Computing notes 2018 part two

This document contains only my personal opinions and calls of judgement, and where any comment is made as to the quality of anybody's work, the comment is an opinion, in my judgement.

[file this blog page at: digg del.icio.us Technorati]

2018 December

181212 Wed: Public shareable area via multiple protocols

So one of my standard practices is to have filetrees shareable by network access in several different ways, and ideally in some uniform way, that is with very similarly looking paths. One particular case is public downloads area, which needs to be read-only and available for anonymous or guest access.
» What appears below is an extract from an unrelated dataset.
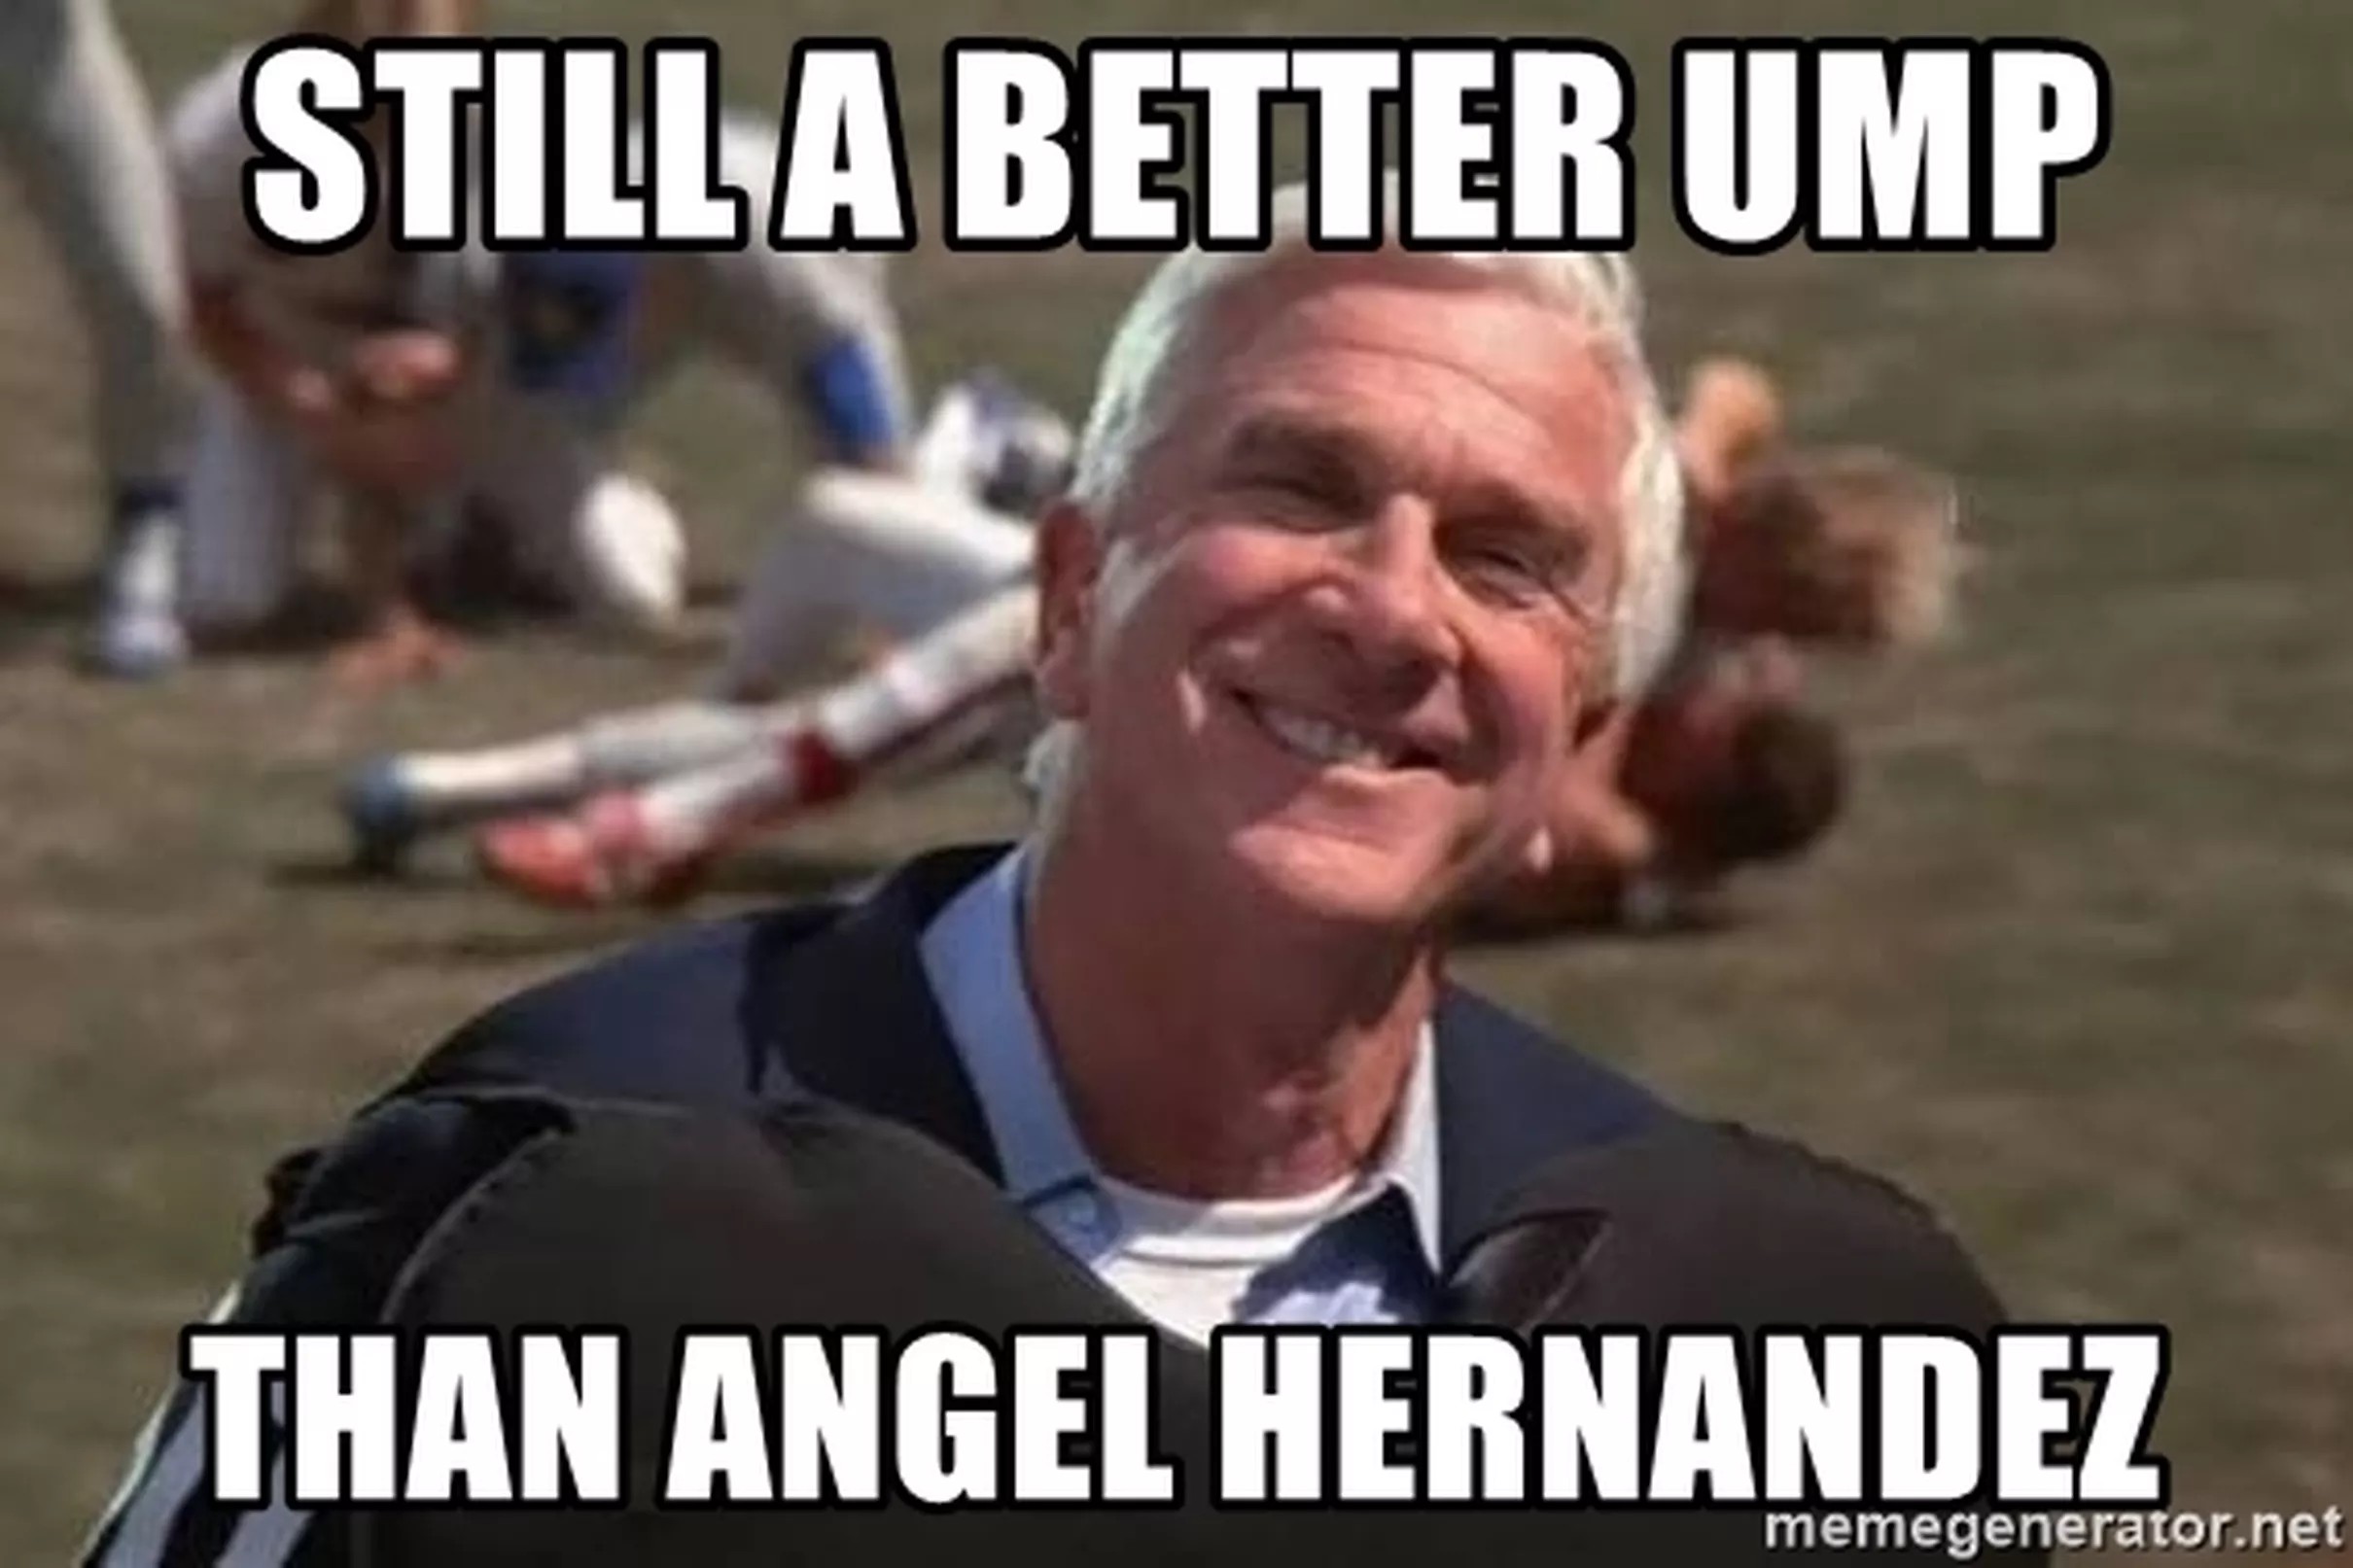 Angel Hernandez, The worst umpire in Baseball.

I have setup recently one accessible with 4 file transfer methods and 4 remote file access methods, so that they may be accessed as any of:

ftp://hostname/downloads/
http://hostname/downloads/
rsync://hostname/downloads/
mount -t afp -o ro hostname:/downloads ...
mount -t nfs4 -o ro hostname:/downloads ...
mount -t nfs -o ro hostname:downloads ...
mount -t cifs -o ro //hostname/downloads ...

FTP (VSFTPD)

ftpd_banner=downloads
ls_recurse_enable=YES
write_enable=NO

guest_enable=NO
local_enable=NO
anonymous_enable=YES

anon_root=/srv/ftp
anon_upload_enable=NO

allow_anon_ssl=YES
force_anon_logins_ssl=NO
force_anon_data_ssl=NO

Here VSFTPD allows access as local users, guest, or anonymous, and we want anonymous only.
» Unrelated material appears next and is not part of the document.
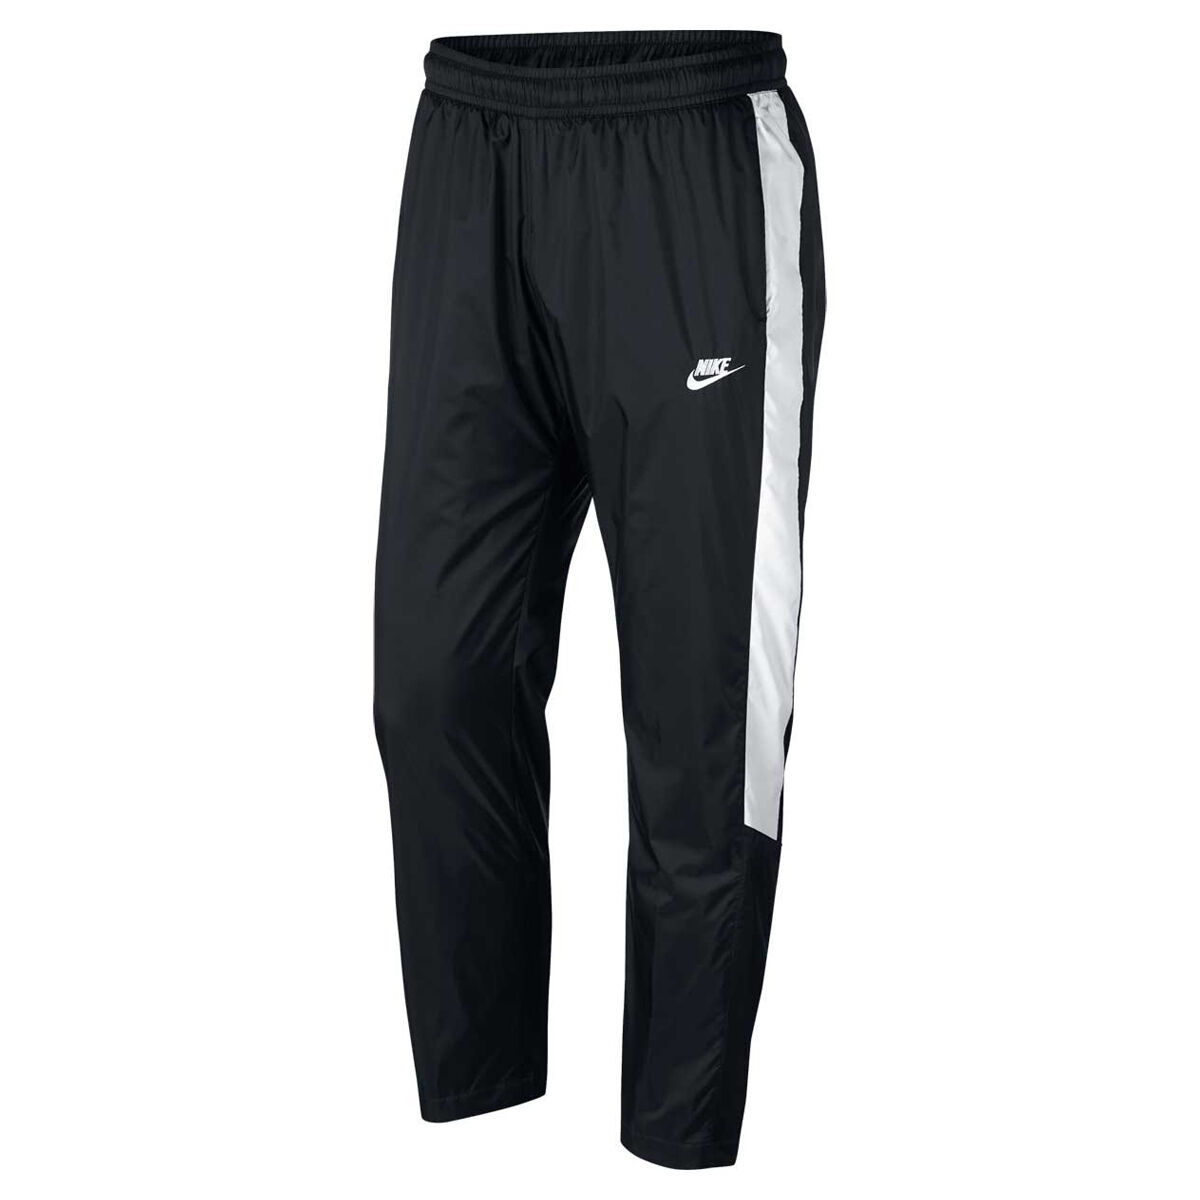 Nike Mens Woven Core Track Pants Black

The manual states that it is an error to put any space between the option, = and value.

HTTP and WebDAV (Apache2)

  Alias                 /downloads "/srv/ftp/downloads"

  <Location             /downloads>
    DAV                   On
    Options               +Indexes
    <Limit                GET HEAD OPTIONS REPORT PROPFIND>
      Satisfy             any
      Allow from          all
    </Limit>
  </Location>

This configures the HTTP location /downloads to be served over both HTTP and WebDAV from the directory /srv/ftp/downloads and it only allows reading methods.

RSYNC (rsync)

[downloads]
path                    =/srv/ftp/downloads/
comment                 =downloads
read only               =true

This is for native RSYNC (port 873 usually) rather than RSYNC-over-SSH. The module downloads is just mapped to the directory.

AFP (NetATalk)

[Global]
  uam list              =uams_guest.so

[downloads]
  path                  =/srv/ftp/downloads
  read only             =yes

By default NetATalk (which must be version 3) does not allow anonymous access, so the uams_guest pluging must be specified.

NFS (Ganesha)

EXPORT
{
  Export_ID             =10;
  FSAL                  { Name="VFS"; }
  Path                  ="/srv/ftp/downloads";
  Pseudo                ="/downloads";
  Tag                   ="downloads";

  Access_Type           =RO;
  SecType               =Sys;
}

Here Pseudo is the NFSv4 name (under the NFSv4 root that is by default /) and Tag is the NFSv3 export name; they are both mapped onto the Path directory.

Ideally this would include a suggested somewhat large read size, as most downloadable files will be largish archives.

SMB/CIFS (Samba 4)

[downloads]
  comment               =downloads
  path                  =/srv/ftp/downloads
  guest ok              =yes
  read only             =yes
  browseable            =yes

The share downloads is simply mapped to the usual directory.

I usually setup also access-controlled directories, including user home directories, with multiple access methods, as long as this can be done with encryption and authentication, which tends to exclude NFSv3 (and arguably AFP) and direct RSYNC (while RSYNC-over-SSH of course is trivially available). FTP can be used with SSL encryption and with authentication, but I usually omit it too as it is fairly awkward over firewalls and FTP-over-SSL is rarely used.

2018 November

181125 Sun: Hardly visible window borders

Under the Unity and GNOME frameworks I have had for a long time some frustrations with moving or resizing windows, because I was under the impression that they have on three sides a 1-pixel wide border, which is very hard to hit with a mouse on a high resolution display.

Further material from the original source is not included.